■ **Supplied material**
========
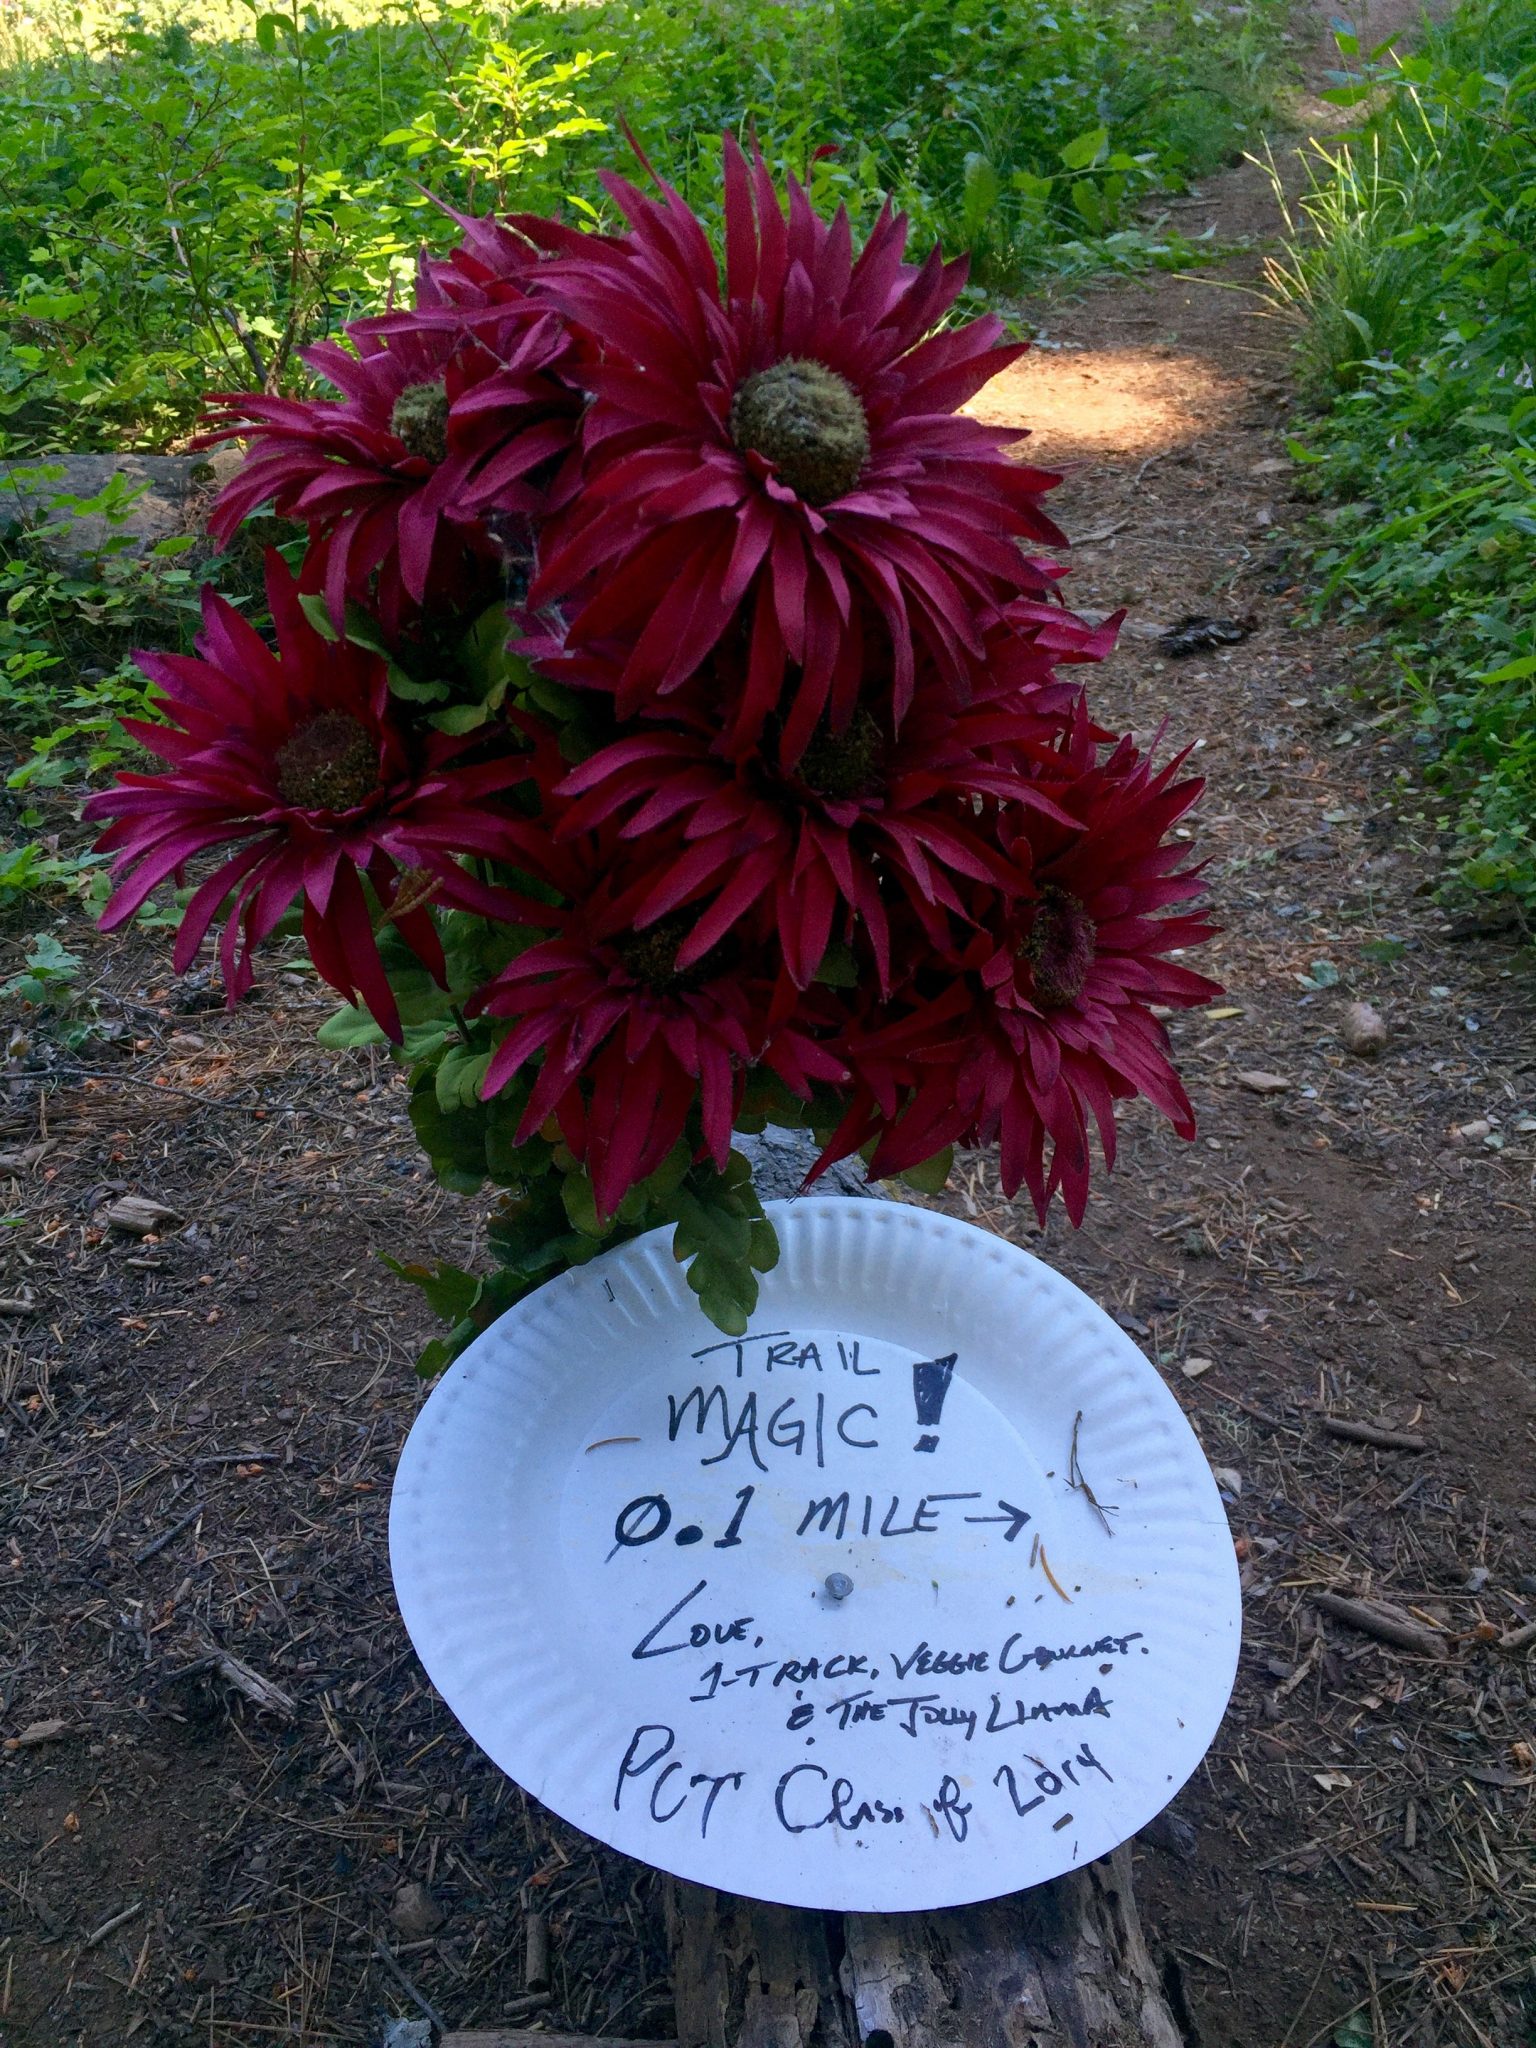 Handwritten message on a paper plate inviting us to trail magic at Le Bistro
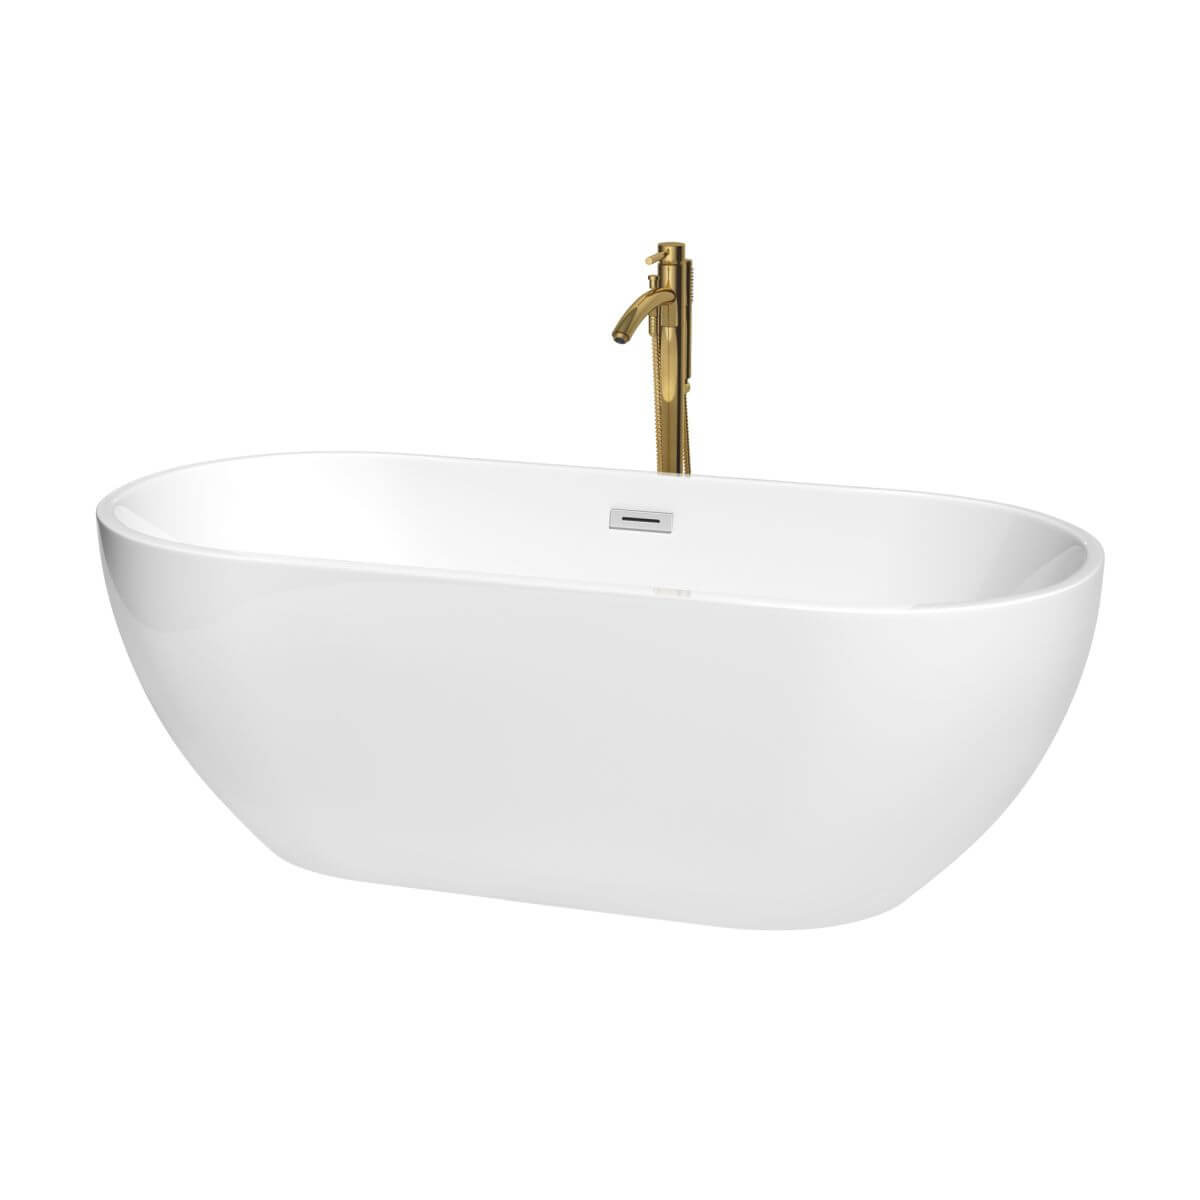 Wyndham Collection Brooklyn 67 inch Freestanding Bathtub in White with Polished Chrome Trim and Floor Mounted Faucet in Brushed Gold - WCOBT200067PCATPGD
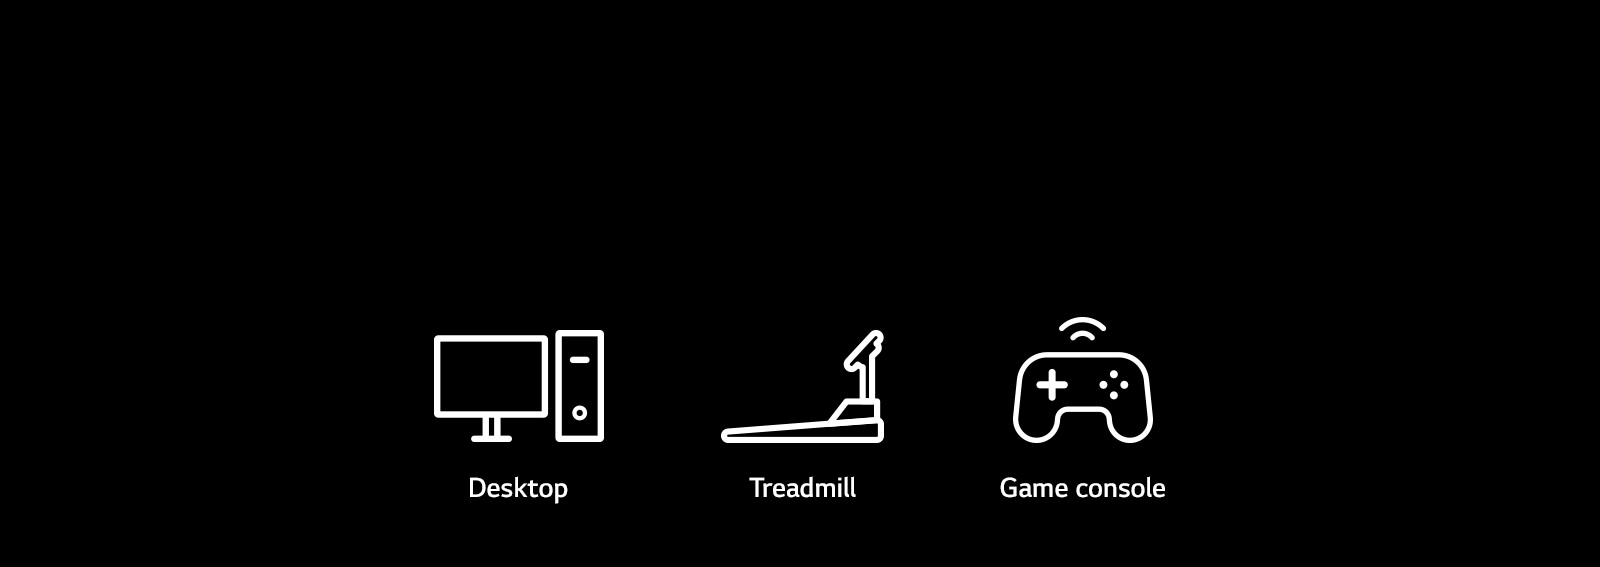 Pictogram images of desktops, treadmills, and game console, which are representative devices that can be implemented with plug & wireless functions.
========
Exact copy, pictures omitted: every line from the one holding "Wyndham Collection Brooklyn" through the last line of the data above, and nothing else.

 Wyndham Collection Brooklyn 67 inch Freestanding Bathtub in White with Polished Chrome Trim and Floor Mounted Faucet in Brushed Gold - WCOBT200067PCATPGD
 Pictogram images of desktops, treadmills, and game console, which are representative devices that can be implemented with plug & wireless functions.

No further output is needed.